▶ Description of the task: Could the listing be repeated exactly, with every picture dropped?

▶ Data section:

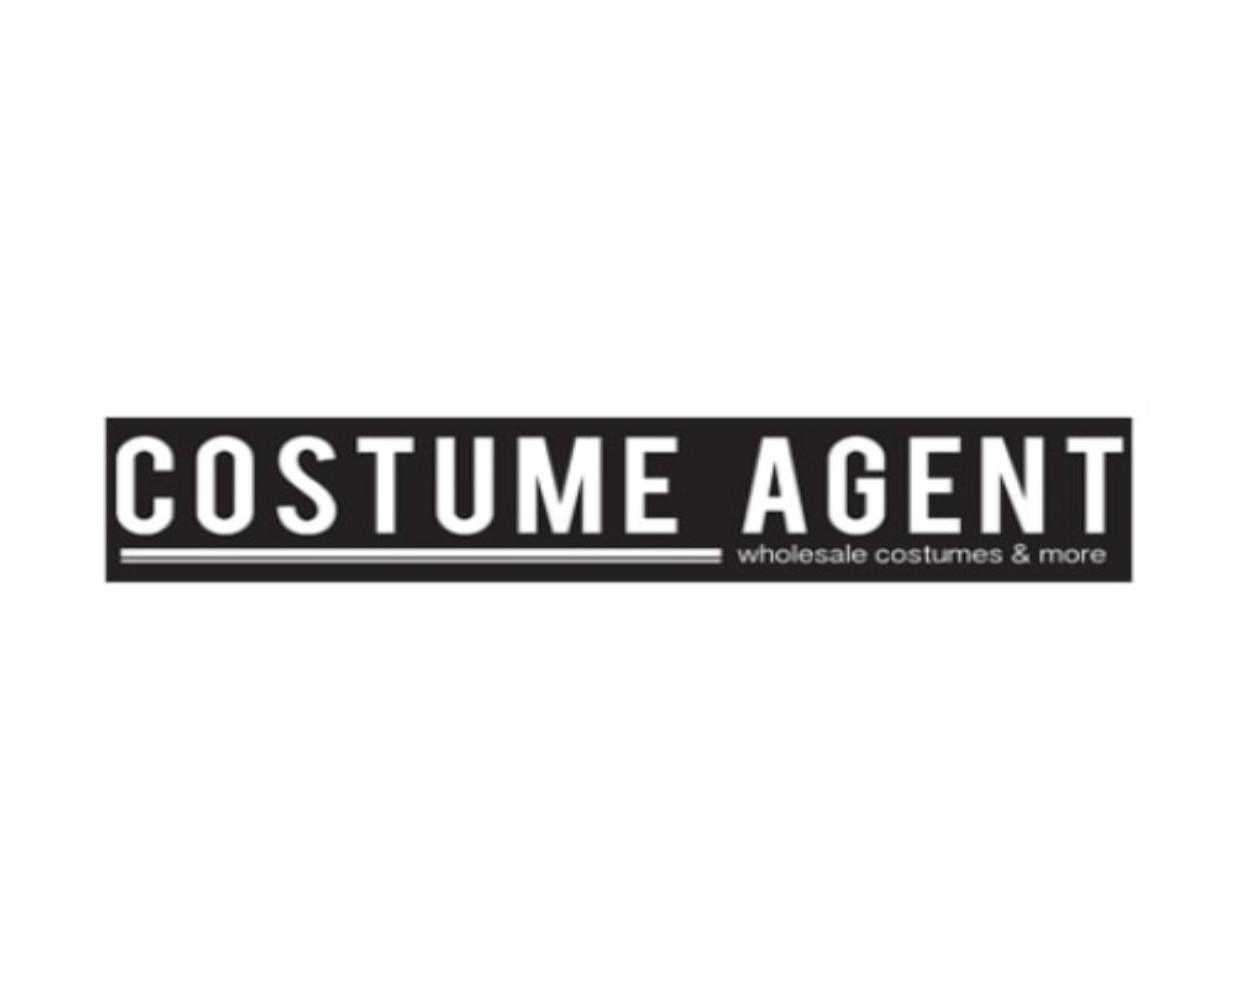 Costume Agent
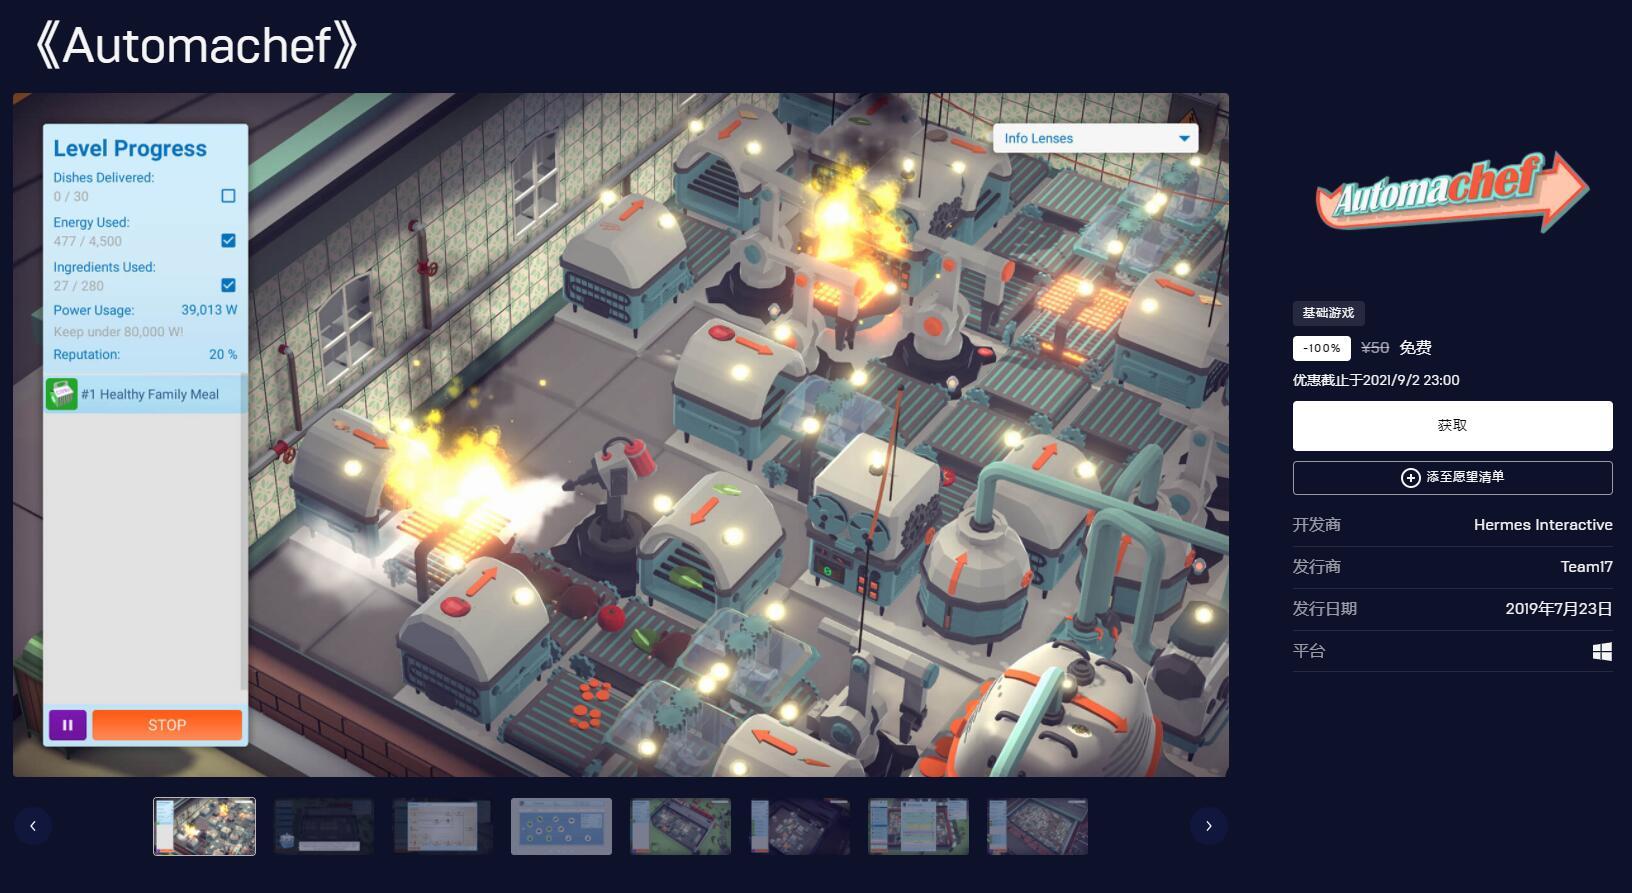 Epic喜+2 《黑道圣徒3:重制版》《Automachef》-QQ前线乐园
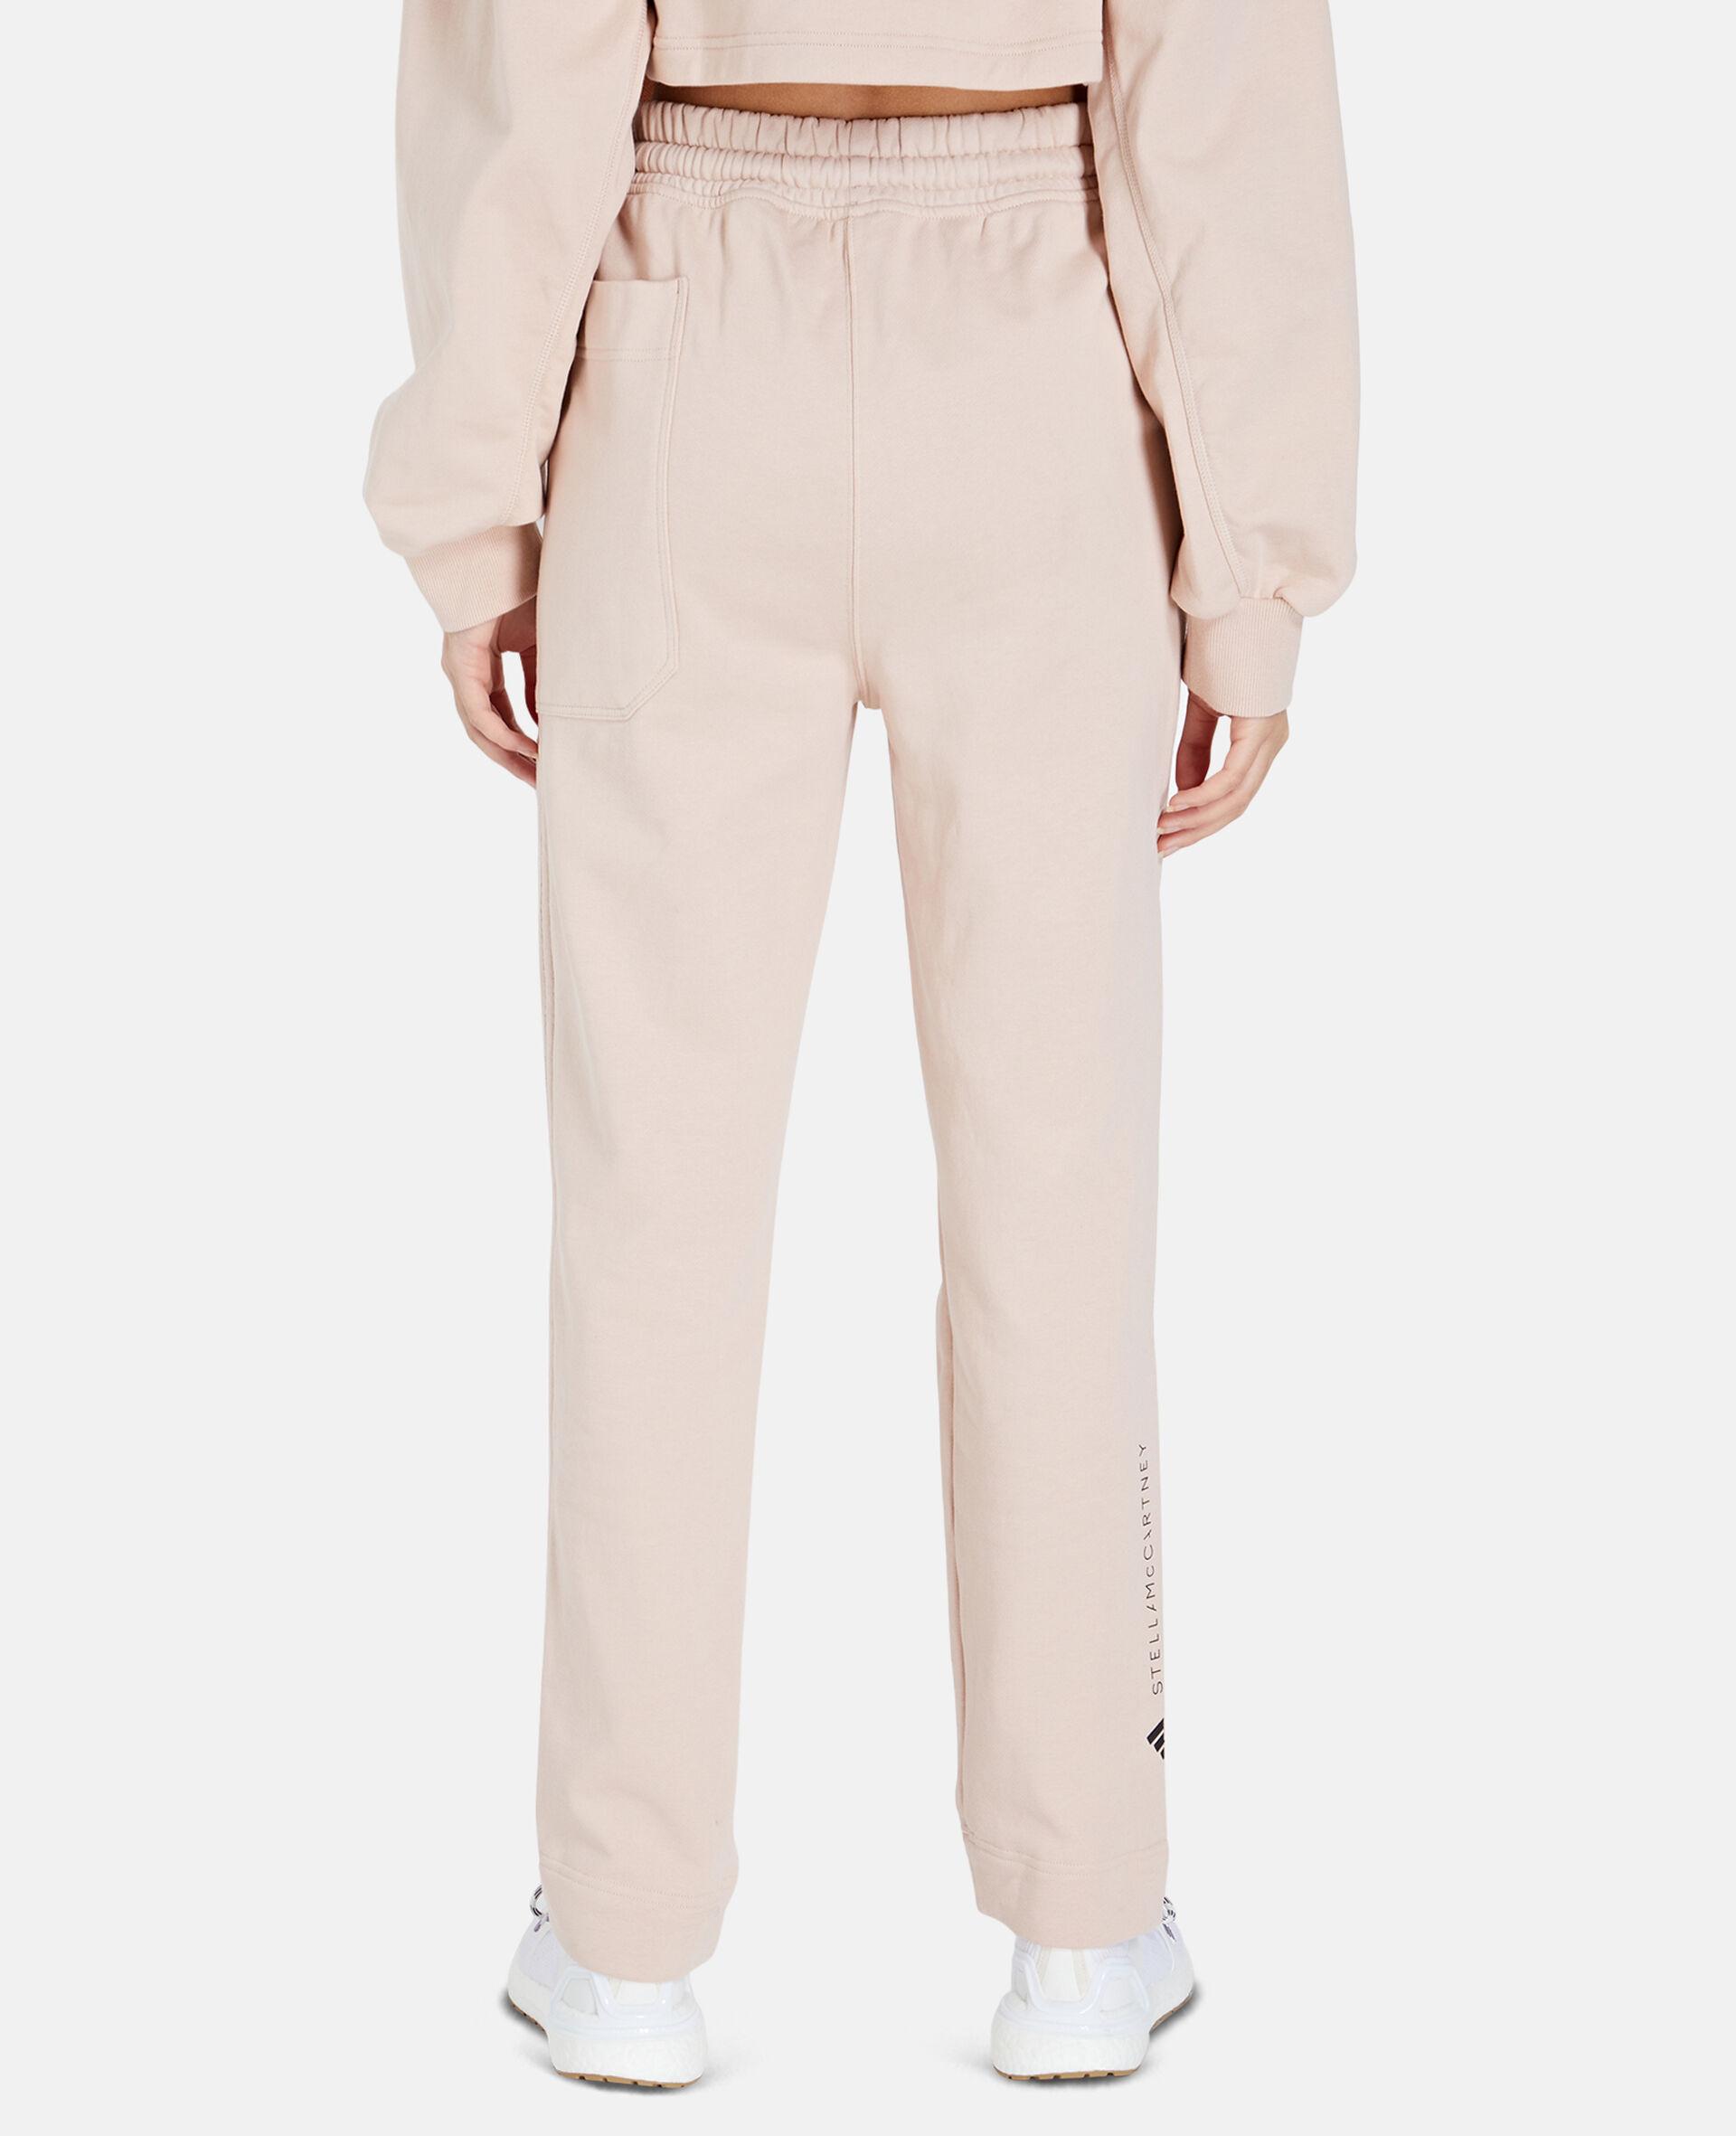 粉色 Training 卫裤 -粉色-large image number 2

▶ Exercise result:
 Costume Agent
 Epic喜+2 《黑道圣徒3:重制版》《Automachef》-QQ前线乐园
 粉色 Training 卫裤 -粉色-large image number 2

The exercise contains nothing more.